Onnasch, L., & Roesler, E. (2019). Anthropomorphizing Robots: The Effect of Framing in Human-Robot Collaboration. Proceedings of the Human Factors and Ergonomics Society Annual Meeting, 63(1), 1311–1315. https://doi.org/10.1177/1071181319631209

Experiment: A humanoid robot supports the participant of the study to solve a math puzzle. Do participants perceive the robots differently if the robots are described with anthropomorphic framing or functional framing?
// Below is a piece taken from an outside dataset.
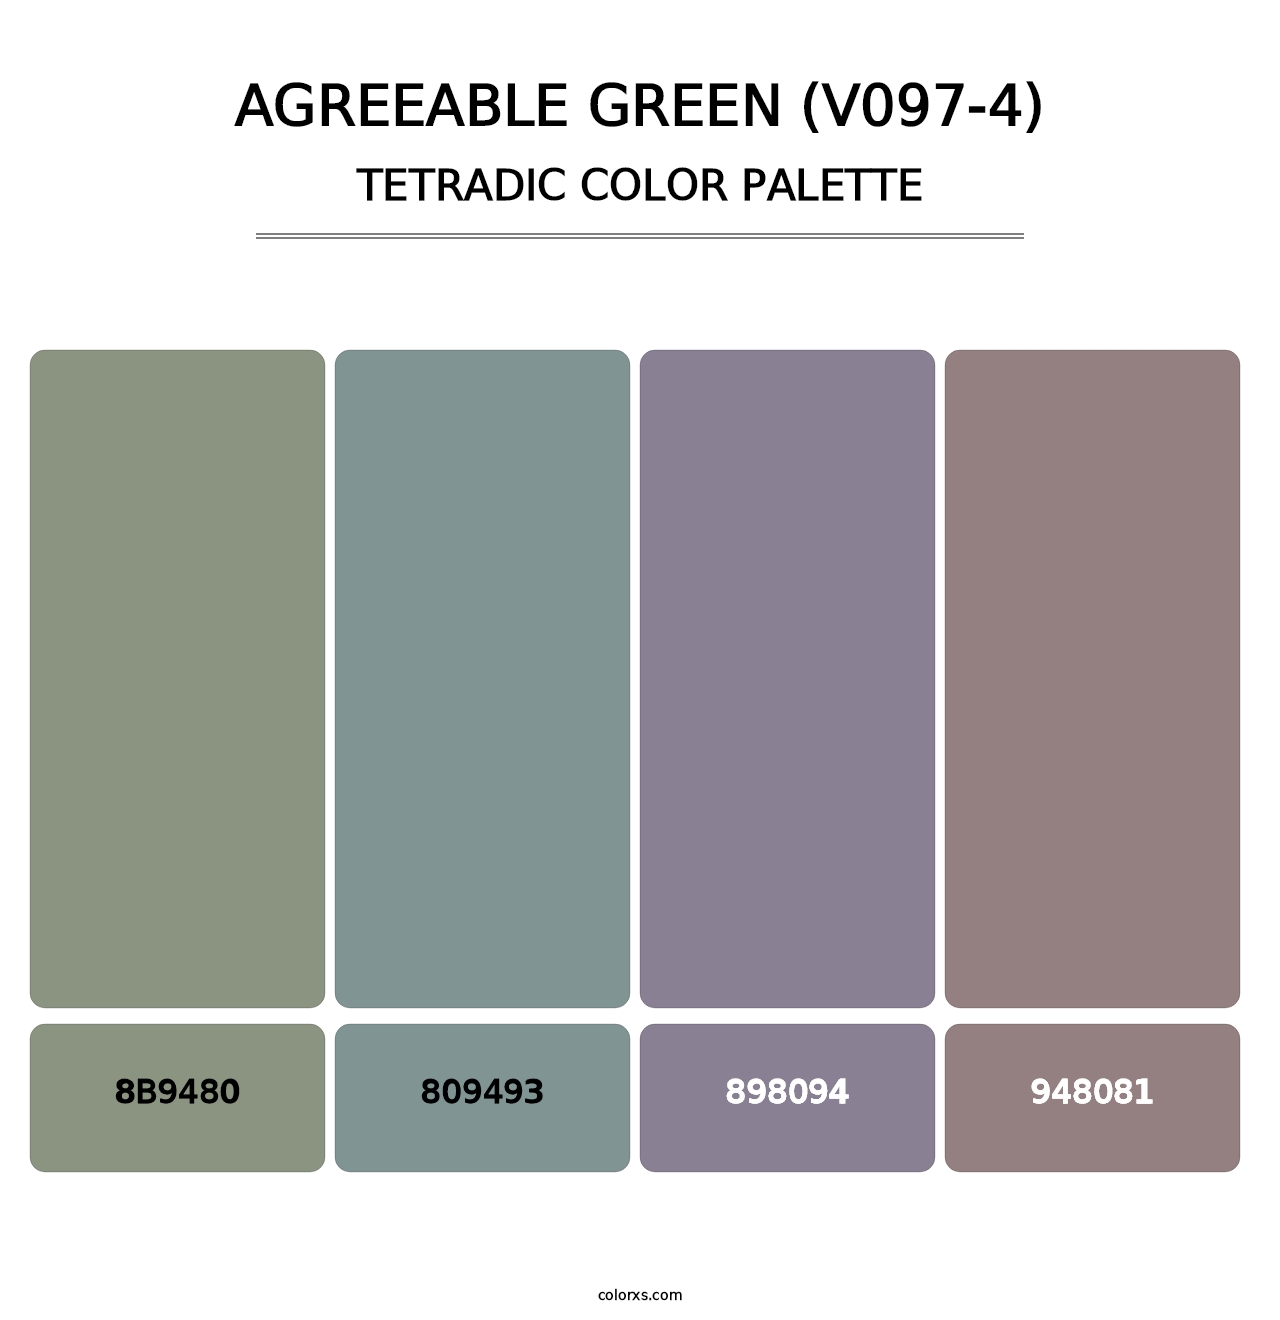 Agreeable Green (V097-4) - Tetradic Color Palette

Response variable: Perception of the robot (humanness, eeriness, acceptance)

Anthropomorphic framing

  • the robot has a name
  • has a personal story
  • has a favorite color and hobbies
  • pronoun: him

Functional framing

  • height, weight
  • pronoun: it

Response variable: Perception of the robot (humanness, eeriness, acceptance)

Anthropomorphic framing

  • the robot has a name
  • has a personal story
  • has a favorite color and hobbies
  • pronoun: him

\(n_1=20\)
\(\bar x_1 = 3.18\)
\(s_1 = 0.57\)

Functional framing

  • height, weight
  • pronoun: it


\(n_2=20\)
\(\bar x_2 = 3.07\)
\(s_2 = 0.29\)

Conditions

  • Independence within groups

  • Independence between groups

  • Normality

CI

\(\bar x_1 - \bar x_2 \pm t^*_{df} \times \sqrt{\frac{s_1^2}{n_1} + \frac{s_2^2}{n_2}}\)

95% CI

xbar1 <- 3.18
xbar2 <- 3.07
point_estimate <- xbar1-xbar2
point_estimate
[1] 0.11
s1 <- 0.57
s2 <- 0.29
n1 <- 20
n2 <- 20
critical_value <- qt(0.975, df = 19) 
# we use the smaller group's n-1

critical_value
[1] 2.093024
se <- sqrt((s1^2)/n1 + (s2^2)/n2)
se
[1] 0.1430035

95% CI

point_estimate - critical_value*se
[1] -0.1893098
point_estimate + critical_value*se
[1] 0.4093098

95% CI = (-0.1893098 , 0.4093098)

Hypothesis Testing

Step 1: Set Hypotheses

\(H_0: \mu_1-\mu_2 = 0\)
\(H_A: \mu_1-\mu_2 \neq 0\)

Step 2: Identify the Sampling Distribution

\((\bar x_1 - \bar x_2) \sim \text{approximately }N(\text{mean} = \mu_1 - \mu_2, \text{sd} = \sqrt{\frac{\sigma_1^2}{n_1}+ \frac{\sigma_2^2}{n_2}})\)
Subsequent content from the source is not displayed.